Сказано — сделано. Поскольку у Ликфеттов как раз был убой, свиной пузырь достался задарма. Вымя получилось хоть куда — тугое, звонкое. Копченые шкурки настоящих угрей, насаженные на проволоку, набитые соломой и зашитые, были прикреплены к пузырю по кругу, так что угри, словно толстые волосы, извивались и шевелились в воздухе вокруг головы-вымени. И вот, покачиваясь между двумя скрещенными палками, над пшеницей крестьянина Карвайзе поднялась голова Медузы[51].
И точно в том виде, в каком Карвайзе пугало купил — это уж потом оно было дополнено чем-то вроде мантии, когда на перекрестье палок набросили дырявую шкуру сдохшей коровы — Амзель зарисовал новое пугало в свой рабочий дневник: сперва как первоначальный и куда более выразительный набросок, одну голову без мантии, а затем уж и готовое изделие в дурацкой коровьей шкуре.

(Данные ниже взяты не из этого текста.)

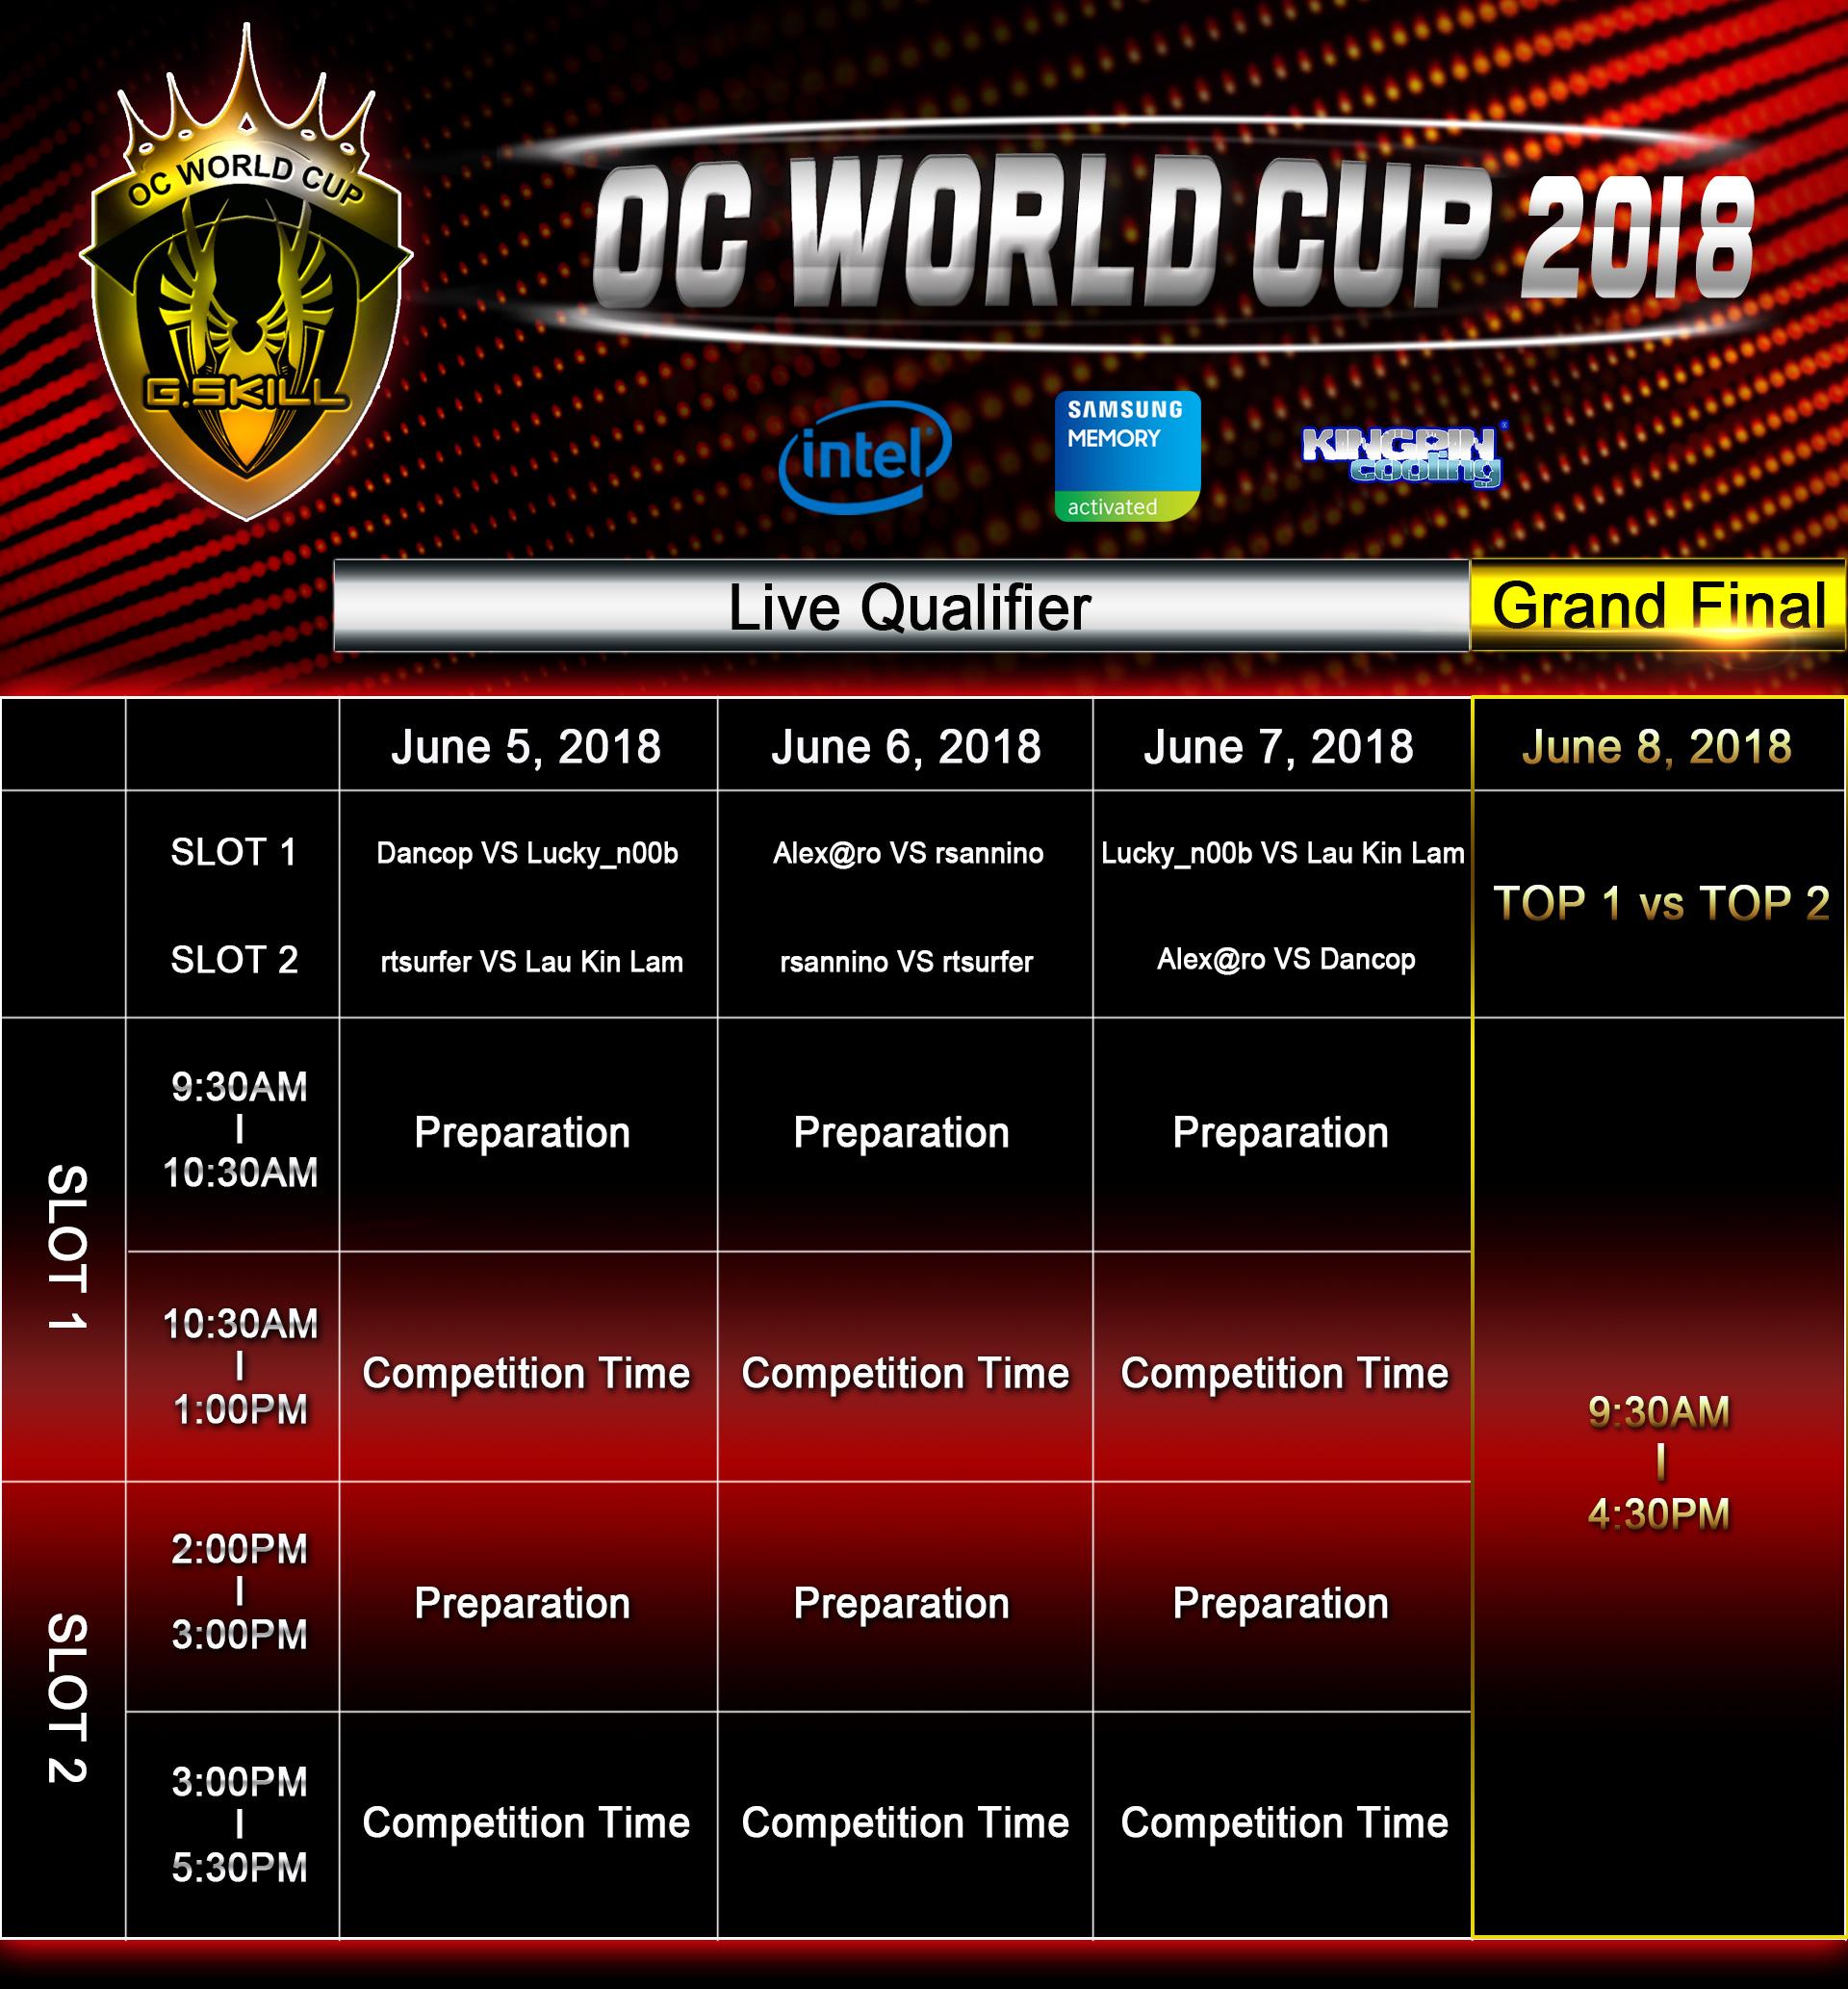 04 oc world cup 2018 schedule G.SKILL เชิญชมงานแข่งขัน Overclocking Events และการม๊อดเคส Mod Showcase ในงาน Computex 2018

ПЯТНАДЦАТАЯ УТРЕННЯЯ СМЕНА
Ну вот, с господином артистом уже начались неурядицы. Покуда Брауксель и молодой человек изо дня в день усердно пишут, — один, склоняясь над рабочим дневником Амзеля, другой — обращаясь к своей кузине и помышляя о ней, — этот третий уже в начале года исхитрился подхватить легкий грипп. Вынужден временно прерваться, не имеет надлежащего ухода, об эту зимнюю пору, оказывается, всегда был подвержен, еще раз «позволяет разрешить себе» напомнить об обещанном авансе. Распоряжение уже отдано, господин артист. Отправляйтесь в свой карантин, господин артист, надеюсь, он пойдет вашей рукописи на пользу. О, деловитая радость от того, что есть надежное поприще повседневному тщанию — рабочий дневник, куда Амзель красивым и только что разученным зюттерлиновским шрифтом[52] заносил свои расходы по изготовлению птичьих, или, как их еще называют, огородных пугал. Свиной пузырь достался задарма. Драную коровью шкуру Криве сосватал ему за две пачки жевательного табаку.
О, красивое и округлое словечко «сальдо»: есть цифирки, пузатые и островерхие, которыми Амзель заносил в свой дневник выручку от продажи различных — садовых и огородных, пугал — в частности, вымя с угрями принесло ему полновесный гульден.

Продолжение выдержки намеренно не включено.